Re: Re-route spam for all users to a single mailbox?
Posted by "John D. Hardin" <jh...@impsec.org>.
On Wed, 10 Jan 2007, JohnKelly wrote:
> I'm not sure about the MTA... running sendmail on a FreeBSD
> server.
...and discussing procmail implies procmail is your delivery agent.
Okay.
> Actually I was planning on forwarding to a pseudo-user, by setting
> up a POP account for spam@domain.com and then redirecting all spam
> to that "user".
Good.
> I'm guessing the above code goes into the procmailrc file -- or is
> it a drop-in replacement?
The way it's intended to be used is you drop it into /etc/procmail/
and edit it to match your MTA config (hostnames, local networks,
etc.), and then in the global /etc/procmailrc or in the per-used
$HOME/.procmailrc files you add:
INCLUDERC=/etc/procmail/spamassassin.procmail
There's some log trolling involved, so it's intended to occur before
any procmail "DROPPRIVS=yes" commands occur.
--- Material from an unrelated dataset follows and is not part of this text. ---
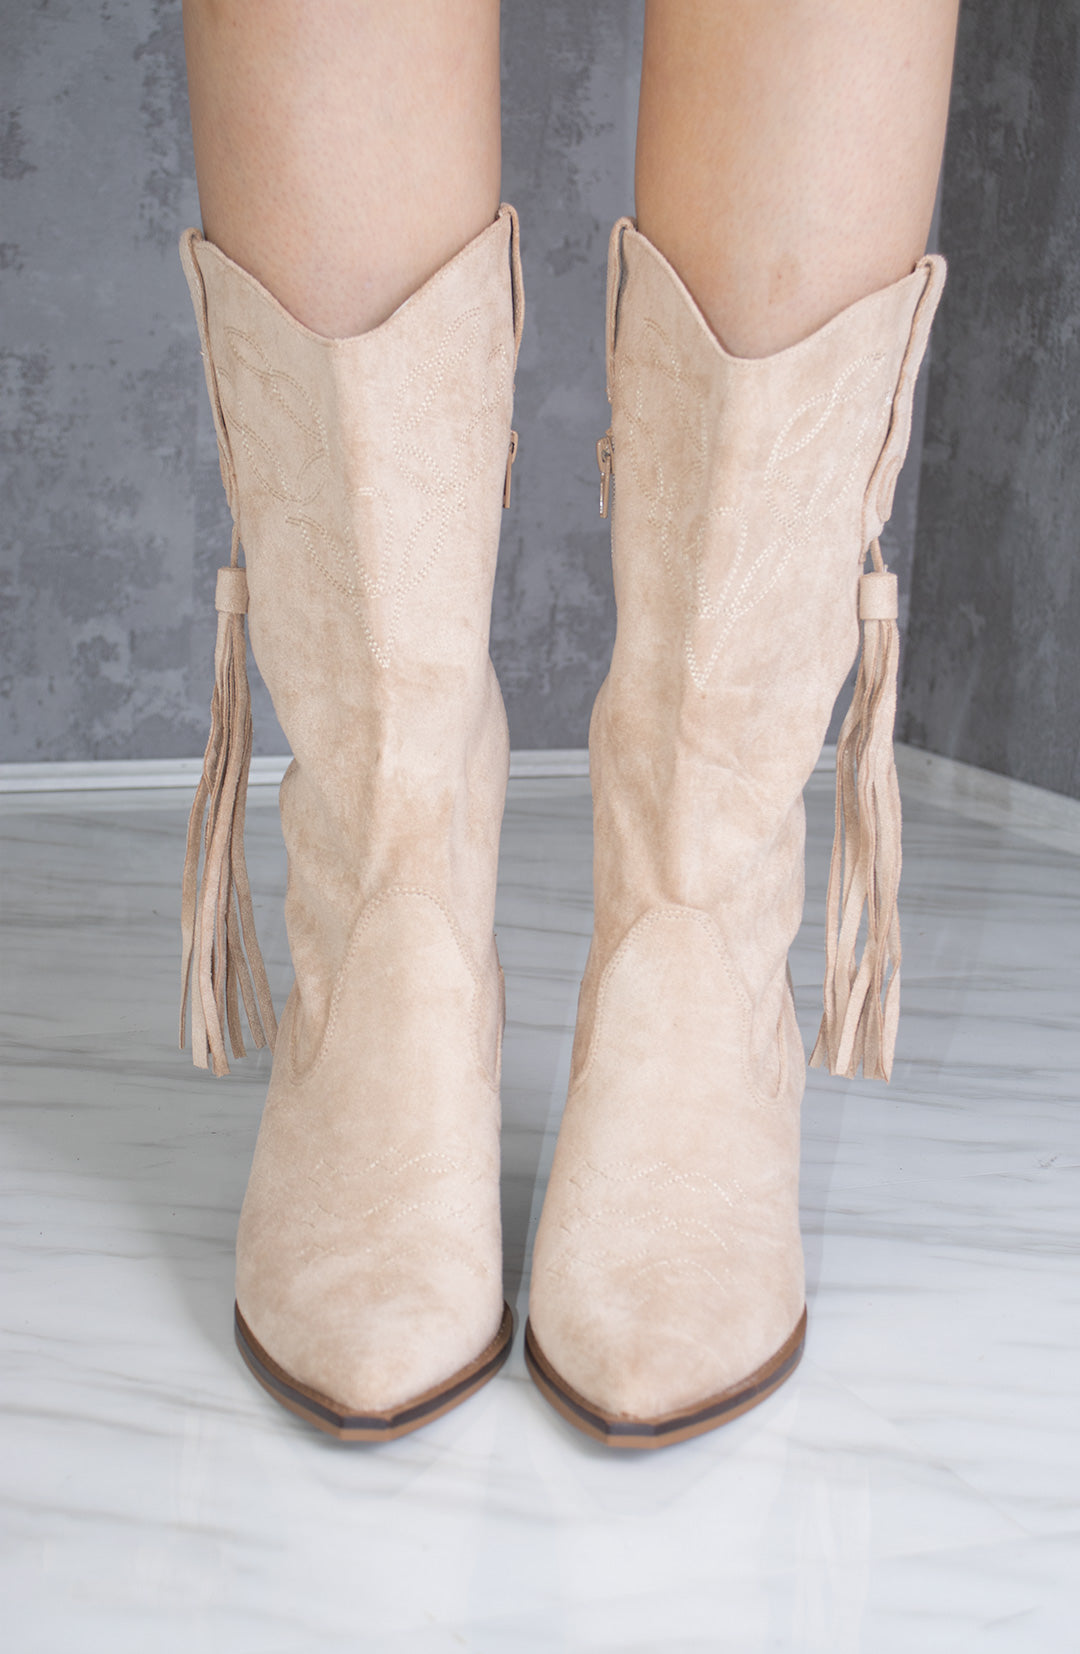 Load image into Gallery viewer, Beige Calf Length Faux Suede Tassel Cowboy Boot
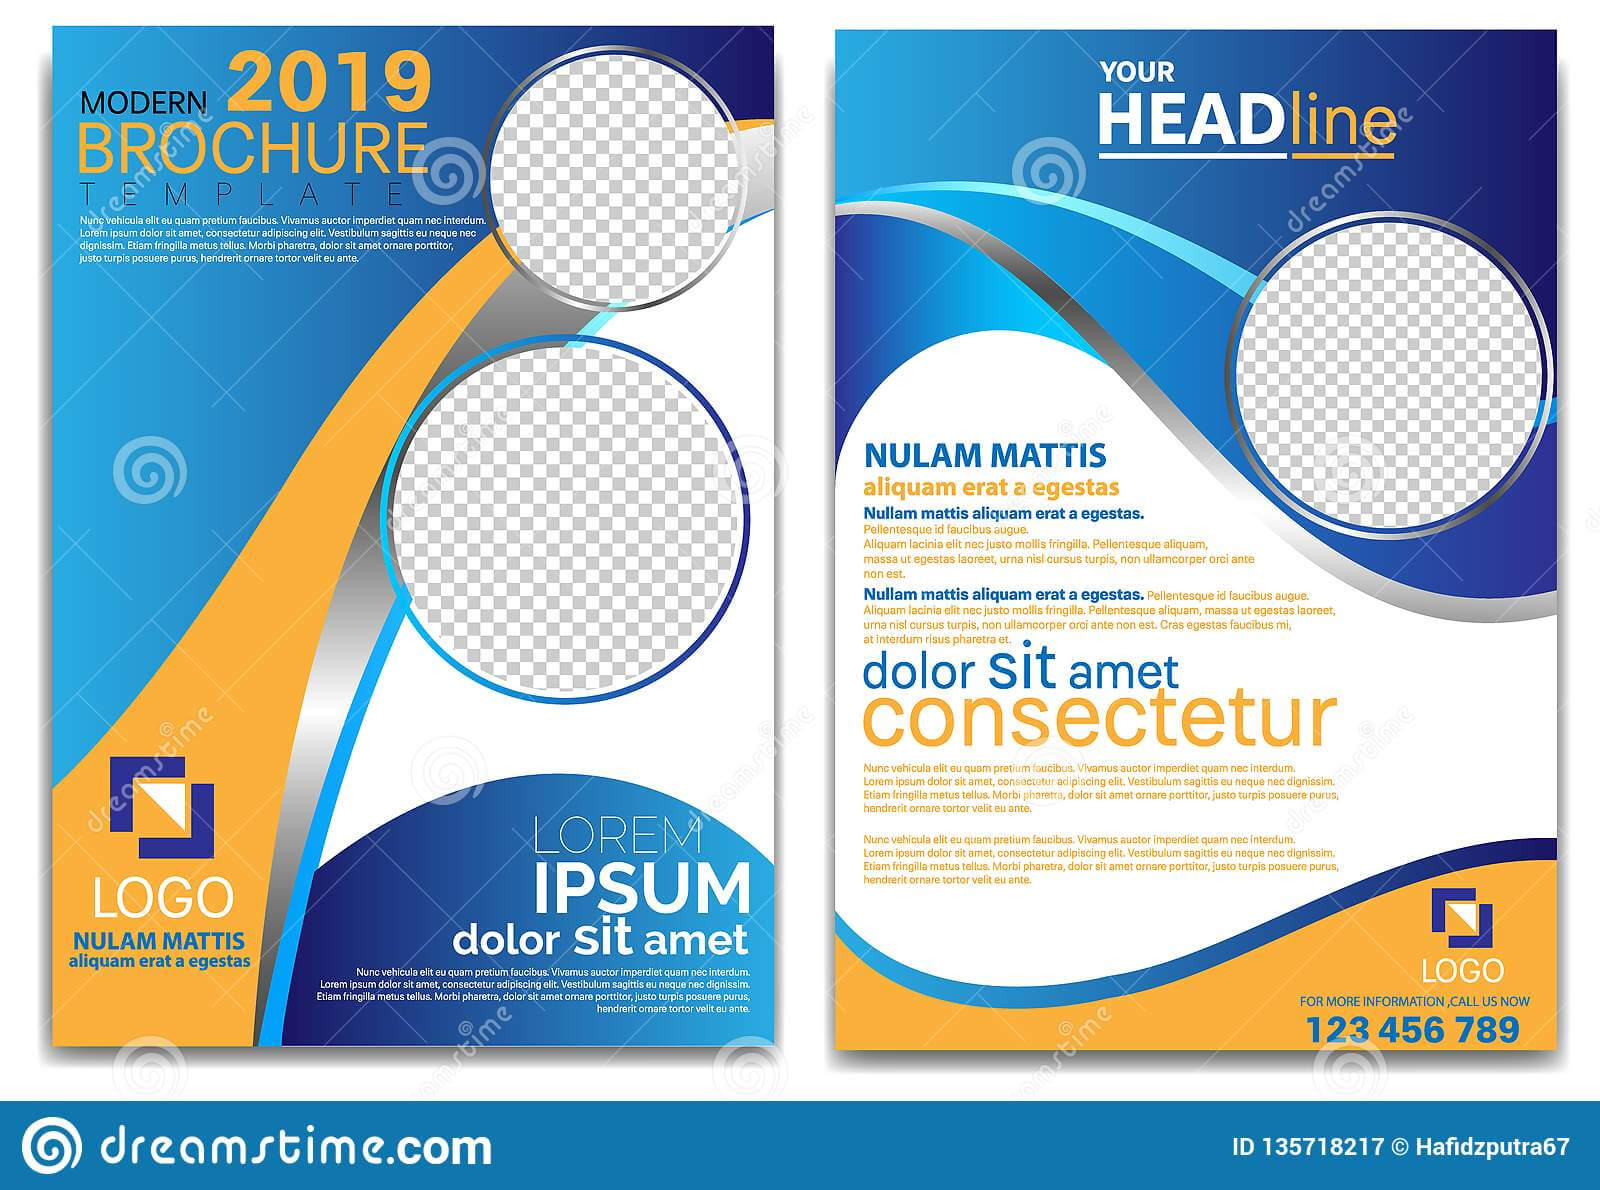 Modern Brochure Template 2019 And Professional Brochure With School Brochure Design Templates

So if you want to implement SA for all your users, drop it into
/etc/procmail/, edit the hostnames and local network(s) to match your
situation (you might need to look at the headers in an email you've
received to gte the Received header details right), and near the top
of /etc/procmailrc add the above INCLUDERC= command.
Again, if you want everybody's high-scoring spam to go to the
pseudo-account by default, you'll have to take out the per-user
Keep_All_Spams test, and change the handling of the spams.
If you send me offlist a copy of the headers from a sample inbound
message, and list whatever private network ranges you're using, I'll
make those changes for you.
> ## begin spamassassin vinstall (do not remove these comments)
> ## edits inside this block may be reverted at upgrade. Edit at your own
> risk!
>
> TMPLOGFILE=$LOGFILE
> TMPLOGABSTRACT=$LOGABSTRACT
> TMPVERBOSE=$VERBOSE
>
> DROPPRIVS=yes
> LOGFILE=/dev/null
> LOGABSTRACT=yes
> VERBOSE=no
>
> :0fw
> |/usr/local/bin/spamc -U /var/run/spamd.sock
>
> LOGFILE=$TMPLOGFILE
> LOGABSTRACT=$TMPLOGABSTRACT
> VERBOSE=$TMPVERBOSE
> ## end spamassassin vinstall (do not remove these comments)
Is that the global /etc/procmailrc, or a per-user $HOME/.procmailrc?
If you decide to use the script I provide, you'll want to turn off the
scripting that the "spamassassin vinstall" has added. I don't know
what's doing that, so I can't make any recommendations there.
--
John Hardin KA7OHZ http://www.impsec.org/~jhardin/
jhardin@impsec.org FALaholic #11174 pgpk -a jhardin@impsec.org
key: 0xB8732E79 -- 2D8C 34F4 6411 F507 136C AF76 D822 E6E6 B873 2E79
-----------------------------------------------------------------------
Windows and its users got mentioned at home today, after my wife the
psych major brought up Seligman's theory of "learned helplessness."
-- Dan Birchall in a.s.r
-----------------------------------------------------------------------
7 days until Benjamin Franklin's 301st Birthday
Re: Re-route spam for all users to a single mailbox?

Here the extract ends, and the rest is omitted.